How A Hip Hop Artist Usually Starts

By Farah Fan


Hip hop artist Tony Tone, a part of the pioneering rap group the Cold Crush Brothers, noted that gangster rap saved a lot of lives. Hip hop culture became a way of coping with the hardships of life as unprivileged within America, and an outlet to cope with violence and gang culture. MC Kid Lucky mentions that people used to break-dance against each other rather than fighting. Inspired by DJ Kool Herc, Afrika Bambaataa developed a street organization called Universal Zulu Nation, focused around gangster rap, as a way to draw young adults out of gang life and violence.

The musical content of numerous early rap teams focused on social concerns, particularly in the seminal track "The Message", which discussed the facts of life in the housing projects. Young black Americans coming out of the civil rights movement used hip hop culture in the 1980s and 1990s to show the limitations of the movement. Hip hop gave young African Americans a voice to let their problems be heard. Like rock-and-roll, hip hop is intensely opposed by conservatives since it romanticises violence, law-breaking, and gangs. It also gave young blacks a chance for financial gain by reducing the rest of the world to consumers of its social issues.

The 1980s also saw many musicians make social claims through hiphop. In 1982, Melle Mel and Duke Bootee recorded "The Message" officially attributed to Grandmaster Flash and The Furious Five, a song that foreshadowed the socially conscious statements of Run-DMC's "It's like That" and Public Enemy's "Black Steel in the Hour of Chaos".

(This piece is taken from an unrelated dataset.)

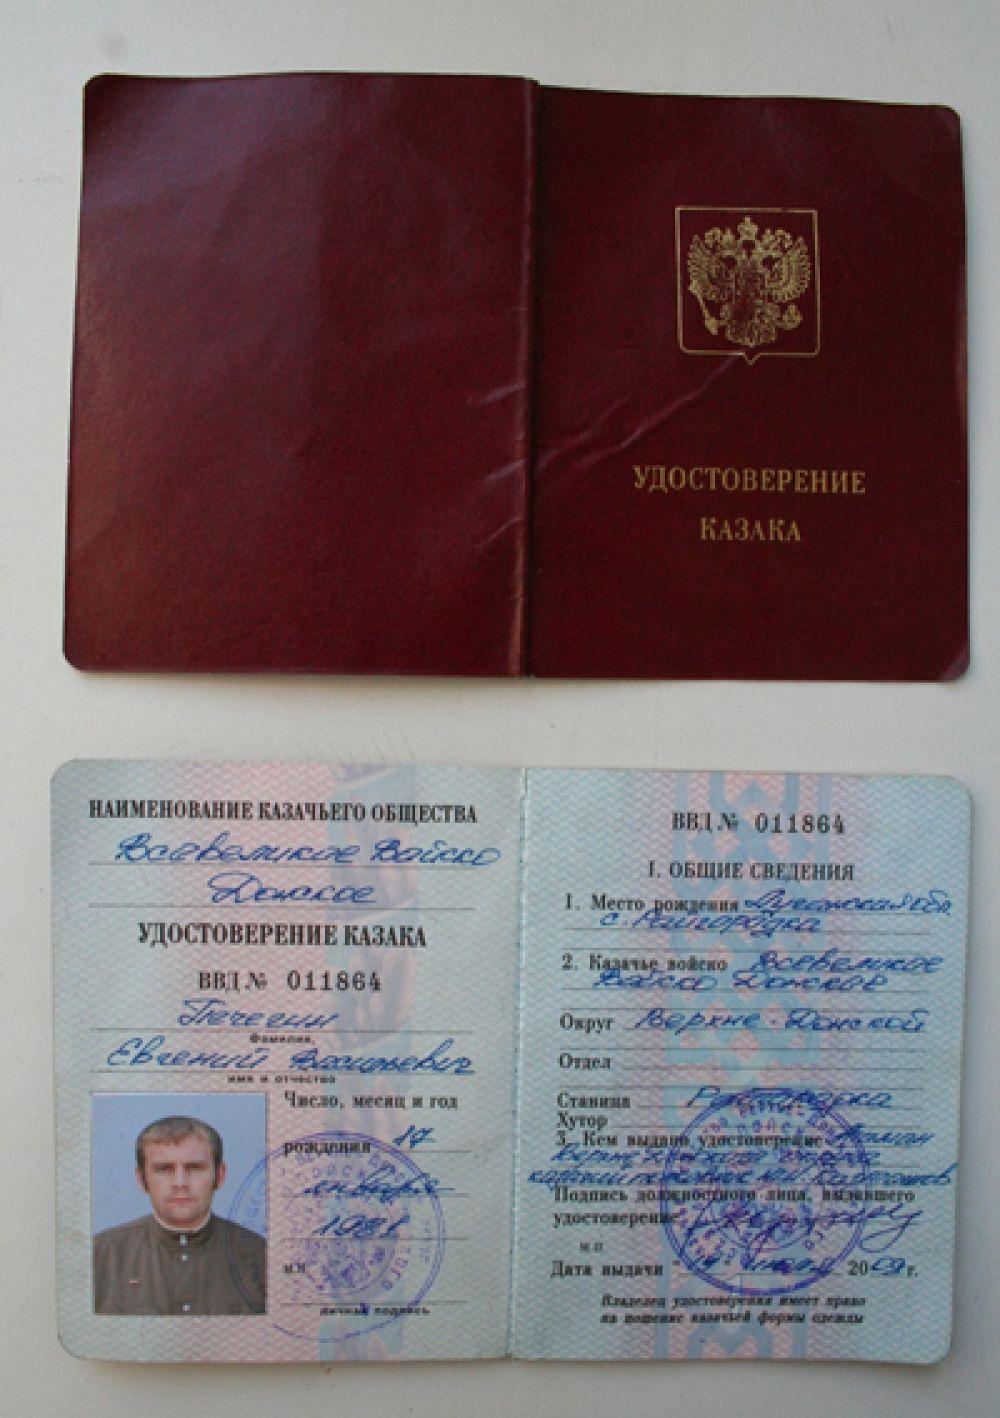 Удостоверение донского казака

During the 1980's, hip hop also appreciated the development of rhythm by using the body, via the vocal percussion technique of beatboxing. Pioneers such as Doug E. Fresh, Biz Markie and Buffy from the Fat Boys made beats, rhythm, and musical sounds using their mouth, lips, tongue, voice, and other body parts. "Human Beatbox" performers would also sing or imitate turntablism scratching or other instrument sounds.

With the commercial success of gangsta rap in the early 1990s, however, hip hop artist focus moved from social issues to drugs, violence, and misogyny. Early proponents of gangsta rap included groups and artists such as Ice-T, who documented what some have to say is the first gangsta rap record, 6 in the Mornin', and N.W.A. whose second album Efil4zaggin became the first gangsta rap album to enter the charts at number one. Gangsta rap also played an important part in hiphop becoming a mainstream commodity. The fact that albums such as N.W.A.'s Straight Outta Compton, Eazy-E's Eazy-Duz-It, and Ice Cube's America's Most Wanted were promoting in such high numbers meant that black teens were no longer hip hop's sole buying audience. As a result, gangsta rap became a system for hip hop vocalists who chose to use their music to spread politic and social messages to places that were formerly unaware of what went on in the ghettos of place like Los Angeles and New York. While gangster rap music right now attracts a broader market, media critics debate that socially and politically conscious hip hop has been largely disregarded by mainstream America.